Years and years ago, my first time in Edinburgh, I was visiting an older friend of the family and we were discussing the time she and her late husband had spent in England during the time when IRA bombings were regular occurrences.
We were at a restaurant or a museum. We’d already discussed 9/11 – that had taken place just the year before – and we were walking by a parking lot as she elaborated.
“The thing you have to remember,” she said, telling me about the situations she and her husband had encountered, “is that if you were looking at a car park” – and she gestured to the one nearby aspect of the scenery I remember, the car-filled parking lot – “it wasn’t a question of whether there was a bomb under one of the cars. It was a question of which car the bomb was under.
“Because you knew – you knew – that one of the cars had a bomb under it.”

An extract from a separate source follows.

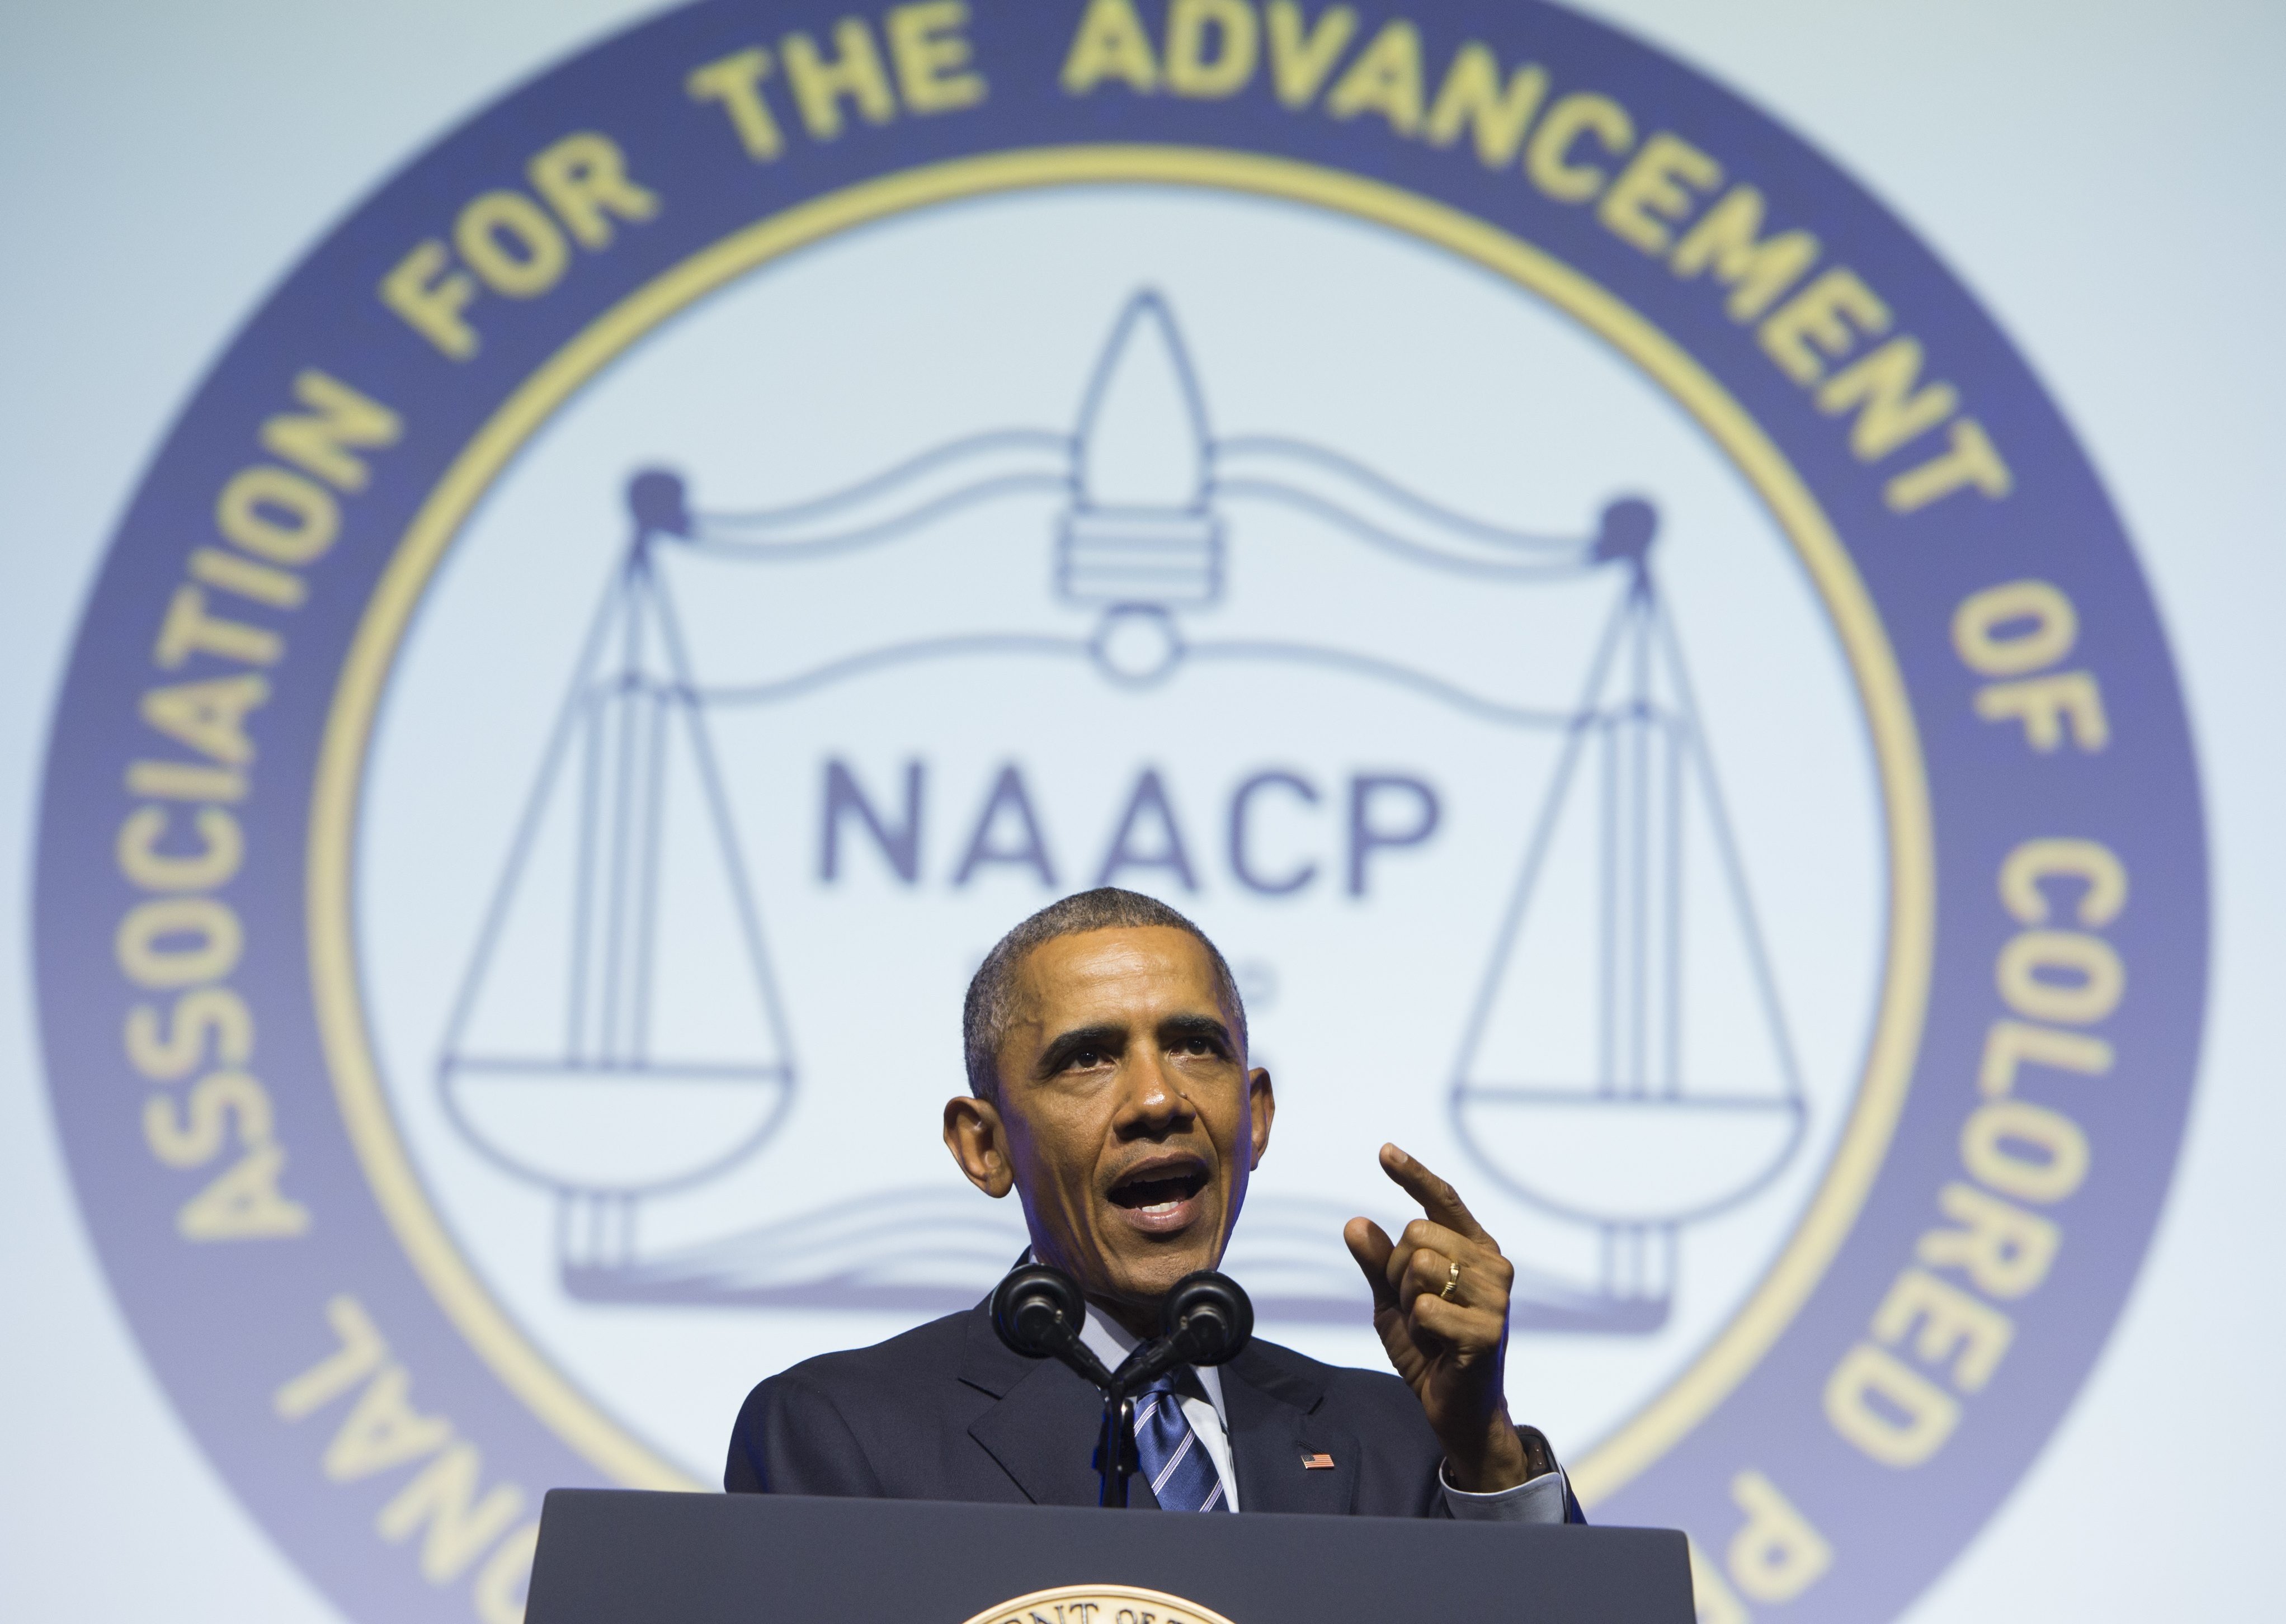 President Barack Obama speaks during the NAACP's 106th National Convention in Philadelphia on July 14, 2015.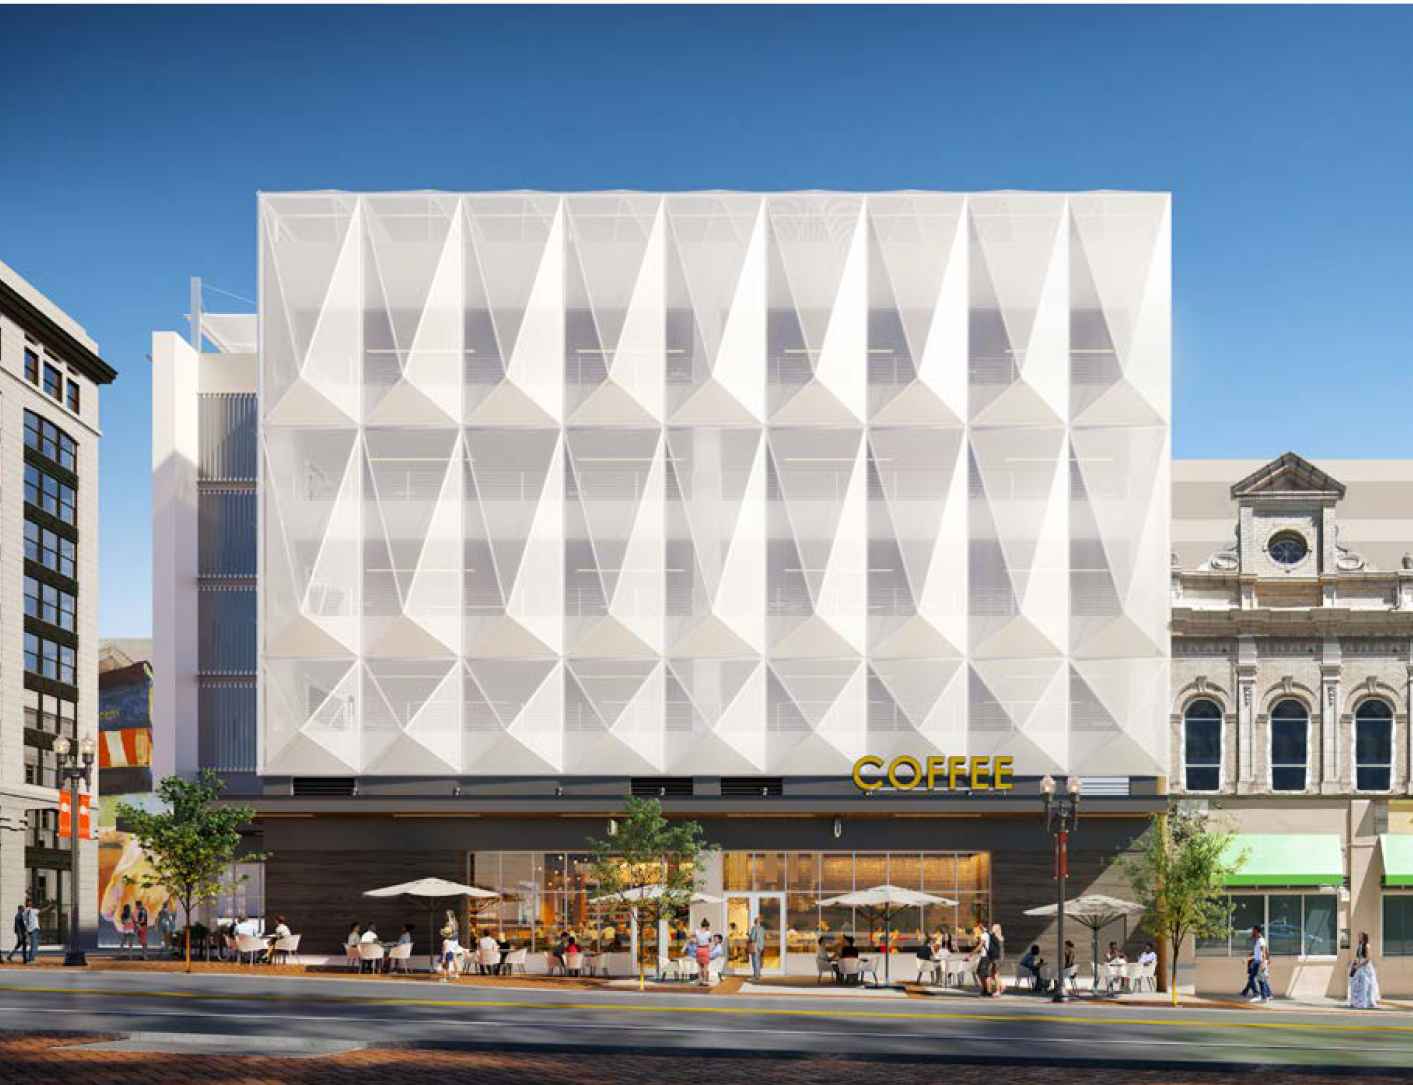 A fabric facade is planned on the VyStar parking garage along Laura Street.

The only question was which car.
During recent visits to the theater, two plays have raised questions about how our society confronts and copes with our basic animal instincts, and the complicity of individuals in destructive acts performed by their societies. They’ve also presented complex existential arguments about the limits of communication and the need to be satisfied by what is, rather than by what one wishes could be. The two plays? Rajiv Joseph’s current Broadway production of Bengal Tiger at the Baghdad Zoo (Robin Williams’ Broadway debut) and a production of Wallace Shawn’s Aunt Dan & Lemon from Buffalo, New York theater company Torn Space.